I had the most excellent and liberating thought on the bus today. I was hungover, tired, and feeling fucking fabulous (it was sunny! people were happy! I was off work!). I had just had a slurpee which was a fucking solid decision and was listening to RJD2's "Ghostwriter" an epic song (seriously, walk down the street to the shit). And boom, there was the obvious and most stunning realization. "The world is my playground" and dear God, if that's not true I really don't know what is. We are the universe experiencing itself my friends! We are, we are, we are!! I promise you, we are. There is no ultimate morality, or plan or entity in the sky. We are swimming through a beautiful and omnipotent landscape of infinite possibility just because we are. We experience beauty, and then boredom, and then loneliness, and then relief, and then anger, and then sex, and then, and then, and then. Our lives are a long strand of experiences and we are always in the right place, doing the right thing, because that is what we are doing! Not only is it all perfect, but the more you realize that nothing is wrong, and all you are here to do is to experience, you can really let loose and enjoy! And you can keep pushing your trajectory into the realm of fun and fullness.

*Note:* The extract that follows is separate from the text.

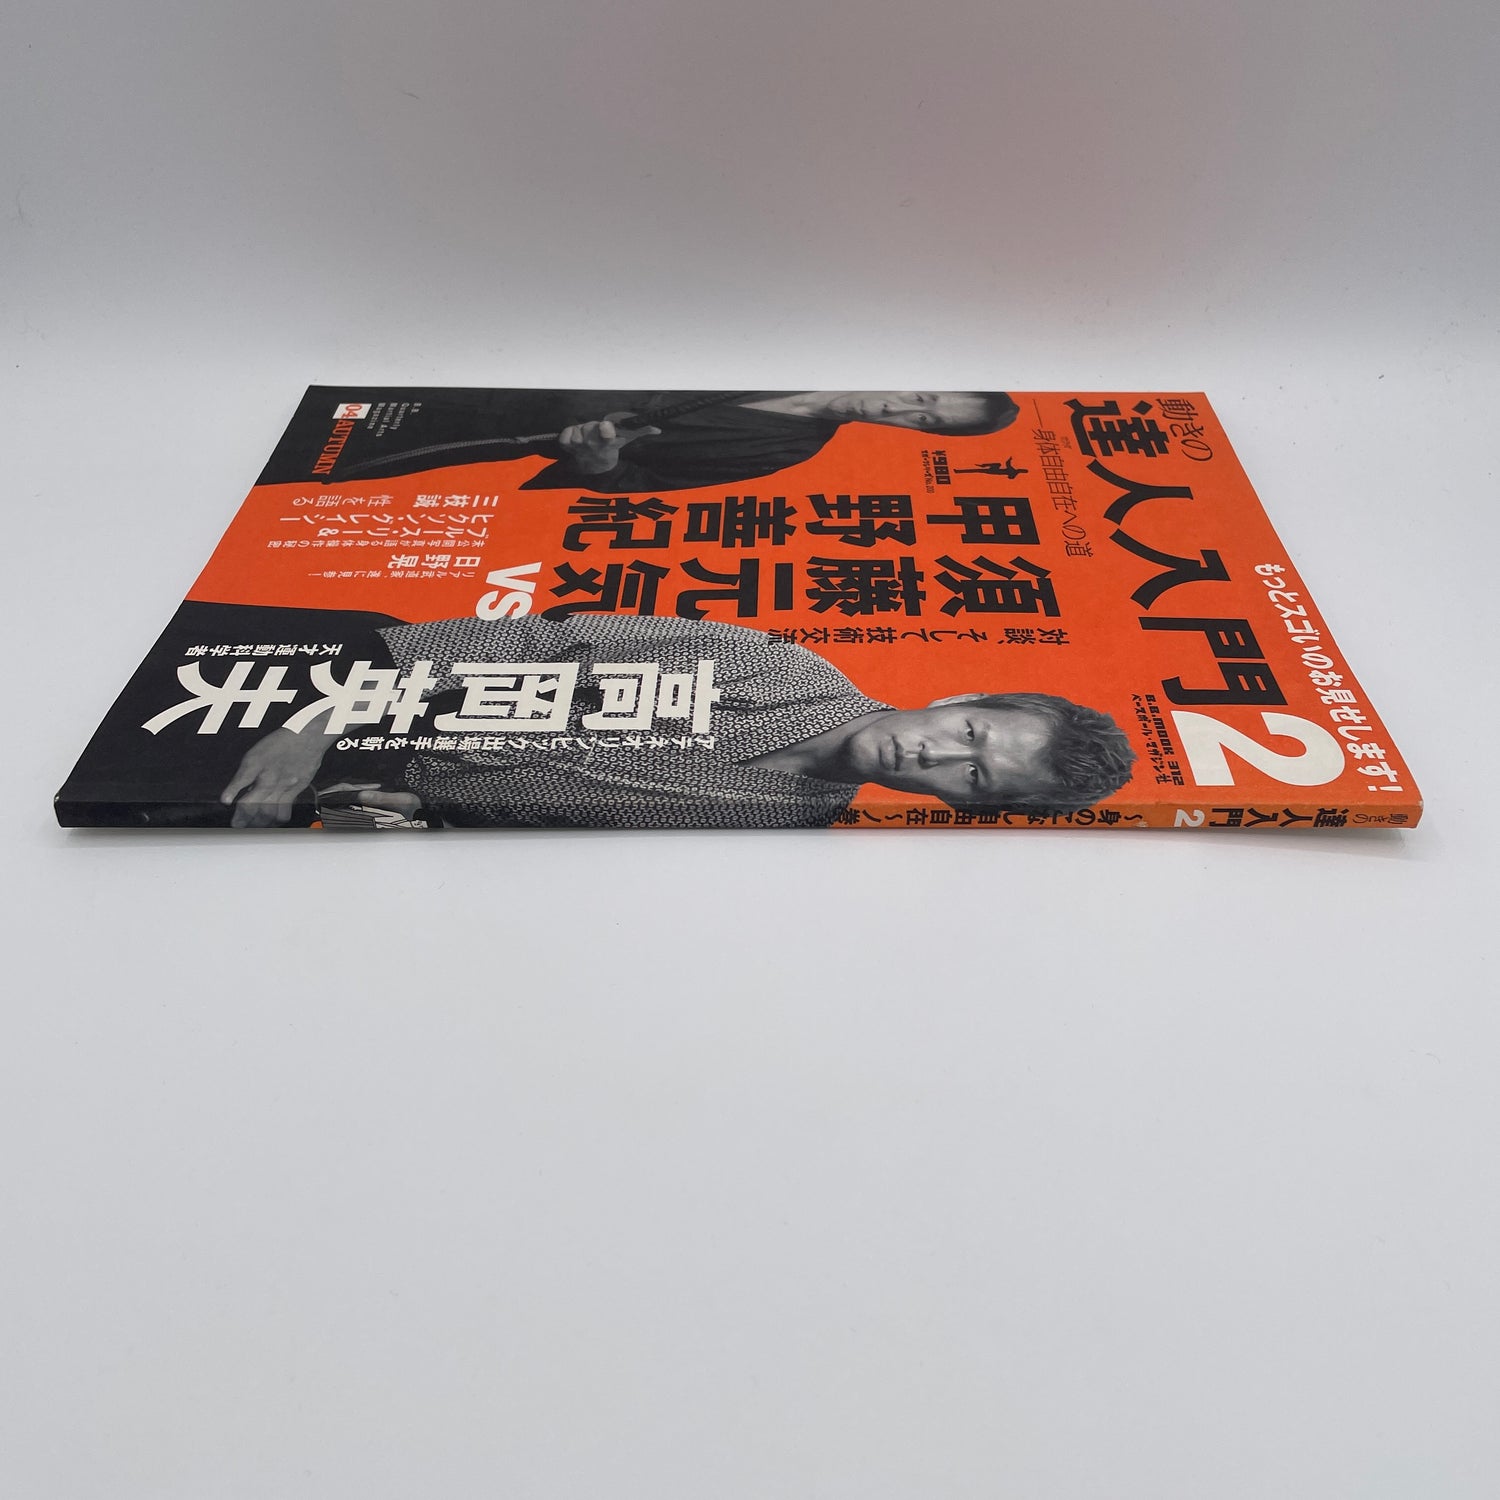 Tatsujin Nyumon Magazine 2 (Preowned)

For some reason humanity is fueled by fear, the fear that something is "wrong" but that conceptual notion is just as silly as Maria Bamford's voice. Why have humans forgotten the obvious? That thoughts aren't "selves" they are just thoughts, that the universe is not explainable in a concept, that, that that. I could whine all day, thereby contradicting everything I just asserted. But really, it's ALL good. Nothing is ever wrong. Ever. It just can't be. Because that's a concept. What is wrong on an infinite landscape, really? A dark little spot? Like were all gonna rest in some dark little spot for eternity and be "wrong" because millions of people had little thoughts that they believed? Jeez Louise, humanities bar really needs to be raised (ha look at what I just did... made a statement based on the assumption that something is wrong...). The concept of wrongness is the real opiate of the masses, and the more I unfold out of the kind of a mindset, the more I just fucking enjoy anything that comes my way. Drop my iPhone and shatter the screen? Sure! Cringe when I drunkenly act like a retard? Oops! Sing a song and send it to my mom? Hell yeah! haha, and on and on and on. Further, next, further, next. Next, next, next. What is life, but what's next?
Also speaking of singing. I really did record myself singing Lana Del Rey's Million Dollar Man and send it to my mom. She said she played it all day, and she left me a voicemail of her listening to it (and quasi singing along). She is my first fan, and I am eternally grateful to have such a badass and supportive mother. Serious universe, fucking thank you for this gem. I could not be more grateful today for her. And guess what, tomorrow I might feel completely the opposite? That's life. It comes and comes and comes and we can't stop it, because we are it. Mmmyess.